Audrey Guttman: Tsimtsoum


Galerie Nathalie Obadia, Brussels BE & Ketabi Bourdet, on the occasion of Art Brussels 2023
19.4 - 6.5.23



Audrey Guttman, Autoportrait à l’Échiquier, 2023


According to Kabbalistic cosmogony, Tsimtsoum refers to the first in a sequence of processes that led to the creation of the world. Before the beginning, there was only the ein sof, a single infinite unity of divine presence. To make room for finite, distinctive worlds to exist, God had to contract, or conceal, his infinite light. Then, in the first realm of Chaos, he emanated his light into ten vessels, thereby shattering them. The resulting shards, now coated in this divine luminescence, showered down into the next realm of Repair, where through their reconstruction, a connection to the divine may be restored.

Audrey Guttman’s new body of work conceptually and formally explores the paradoxes inherent to the notion of tsimtsoum to interrogate the very processes of artistic creation and spiritual awakening: the necessary dualities of absence and presence, contraction and creation, darkness and light. The tripartite cycle of revelation-destruction-repair is echoed again and again across religions and cultures, from Zen Buddhism to Jungian psychology. Here, it finds a near perfect analogy in the material process of collage, in which an infinite sea of symbols must be discerningly sifted through, cut apart, and reassembled to reveal new meaning.

As the tsimtsoum demonstrates, beginnings never take place quite at the beginning. Audrey Guttman knows this. Working with a vast archive of images, carefully culled over the years from vintage books, magazines, advertisements, and so on, she creates new fields of meaning across an array of media and processes. “Nothing comes from nothing”, she tells me on a recent visit to her studio, referring both to the carpet of cut-outs on the table before her and her view on the construction of individual identity and experience.

The Kabbalah deals heavily in metaphor, encouraging the interpretation of its messages on multiple registers, from the global metaphysical to the personal emotional and psychological, embodying the belief that the divine intersects all things in the universe. Similarly, Guttman’s practice, nourished by poetry, philosophy, psychology, theology, is deeply entwined with her way of being in the world, and her quest to make sense of it.

Light emerges as a central motif and medium throughout this exhibition. Here, Guttman experimented with cyanotype printing – a means of effectively painting with light and time. Imagining the cyanotype object as a vessel of light, the technical process echoes the narrative of tsimtsoum.
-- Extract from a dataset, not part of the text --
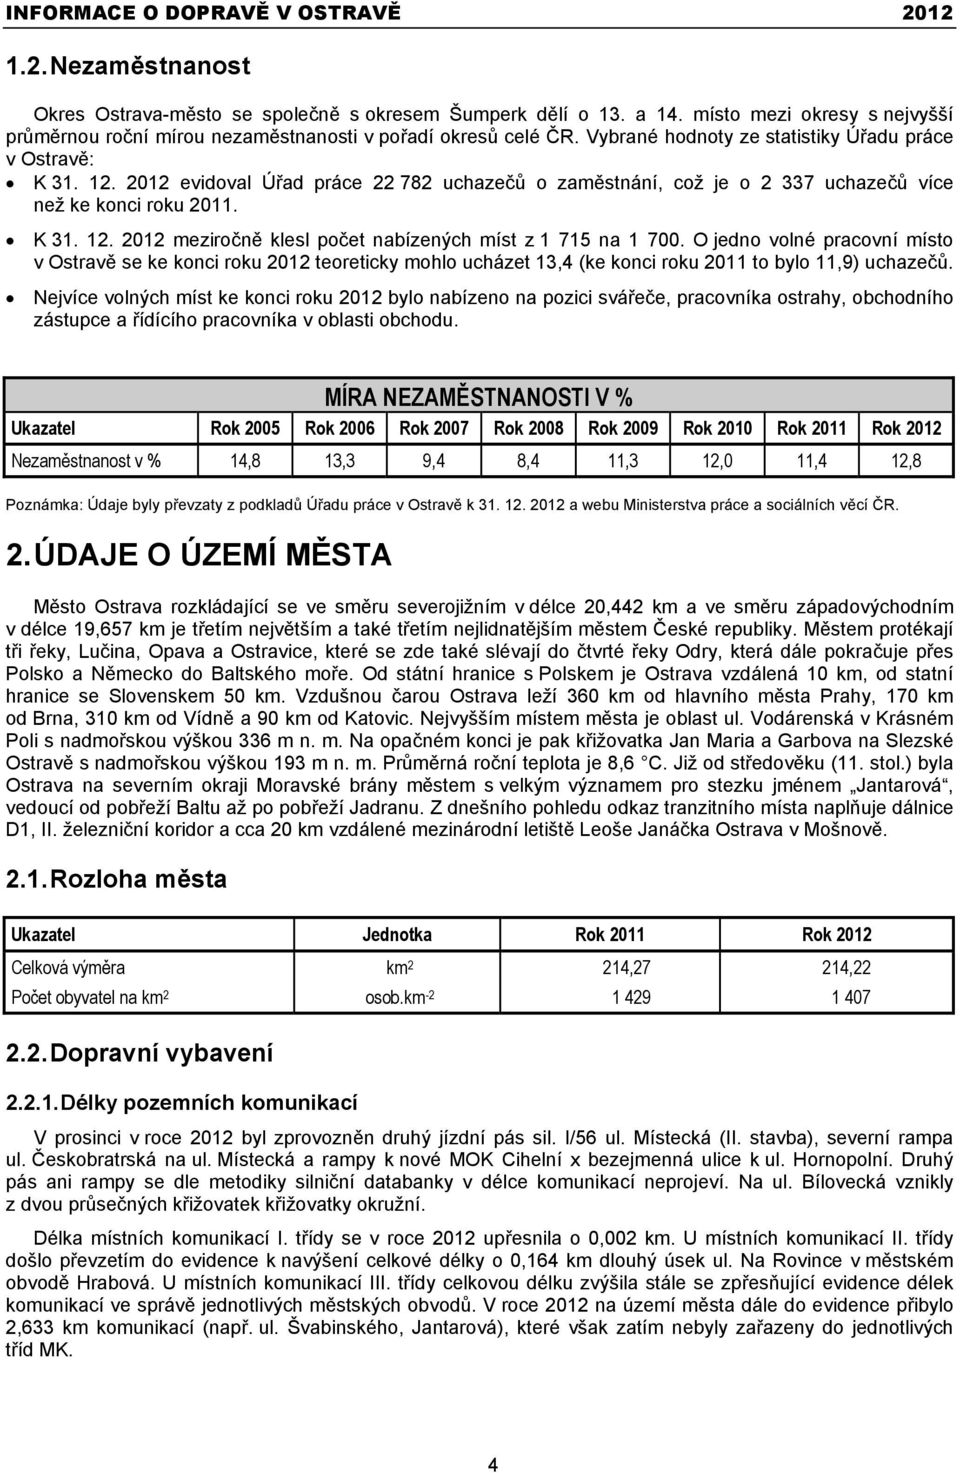 O jedno volné pracovní místo v Ostravě se ke konci roku 2012 teoreticky mohlo ucházet 13,4 (ke konci roku 2011 to bylo 11,9) uchazečů.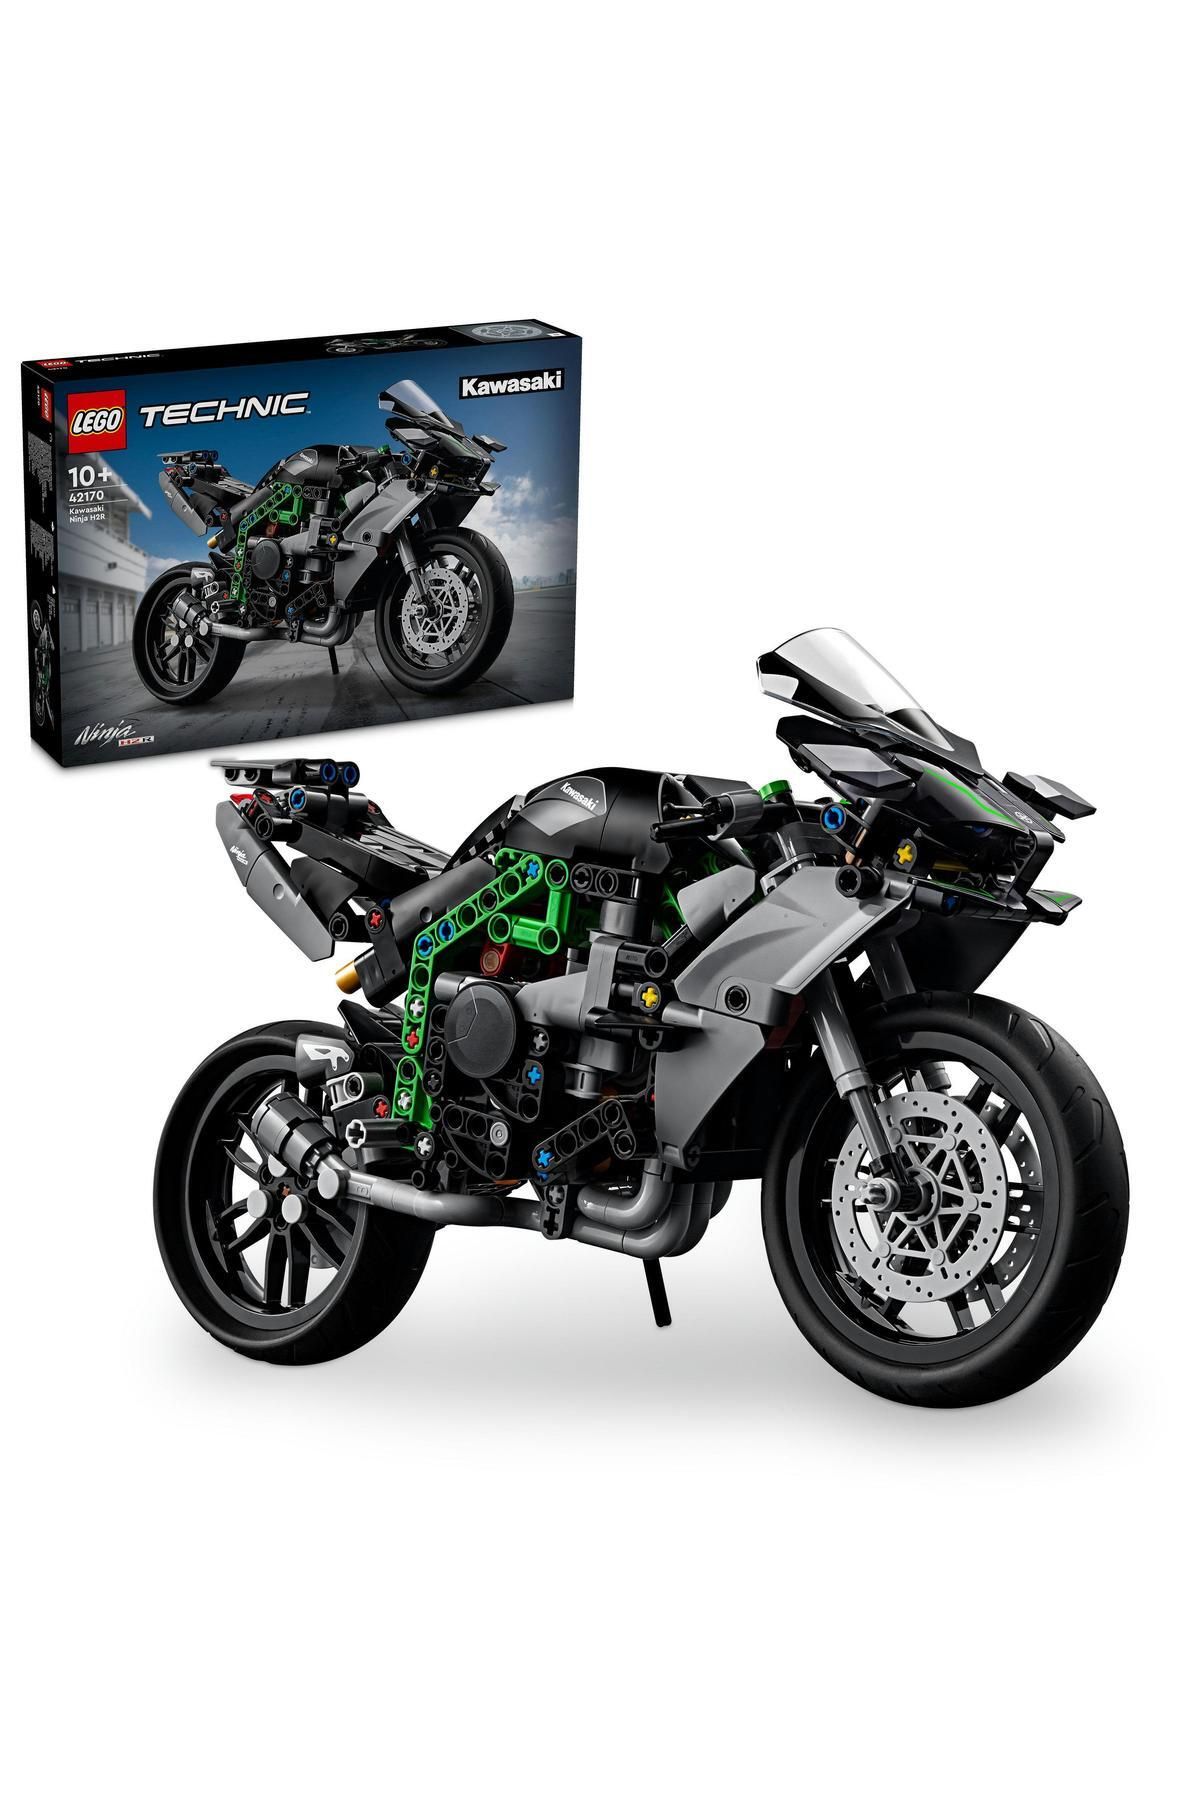 LEGO ® Technic Kawasaki Ninja H2R Motosiklet 42170 - 10 Yaş ve Üzeri İçin Yapım Seti (643 Parça)

The cyanotype’s rich blue tone– a hue with many spiritual and healing connotations – is a reaction to direct light exposure. The images that appear on the page in shades of white only emerge through the restriction of light to those areas, mirroring the concealment of the divine infinite light that gave rise to finite forms. 

This spatial dialectic – concealing to reveal, withdrawing to expand – is also bound up in a temporal dimension, alluded to by the presence of time-measuring systems in the exhibition. Jacques Derrida referred to time as “the element of invisibility itself”, in that its accumulation can only be perceived in its depletion, a paradox formally harnessed by a glazed stoneware candle-clock and the large-scale image of an 18th century alarm system set against a desolate landscape. 

Nevertheless, all work necessitates a beginning, a gambit – a defining first word, mark, or gesture from which all else will follow. But how to chart a course outside the established logics of space and time? Audrey Guttman’s oneiric compositions seem to find a way around this dilemma. Her paper-based alter egos, teleported into dreamy landscapes of infinite blue, roam amongst candles and chess boards, looking for answers in the light. Answers that, perhaps, were in the question, all along.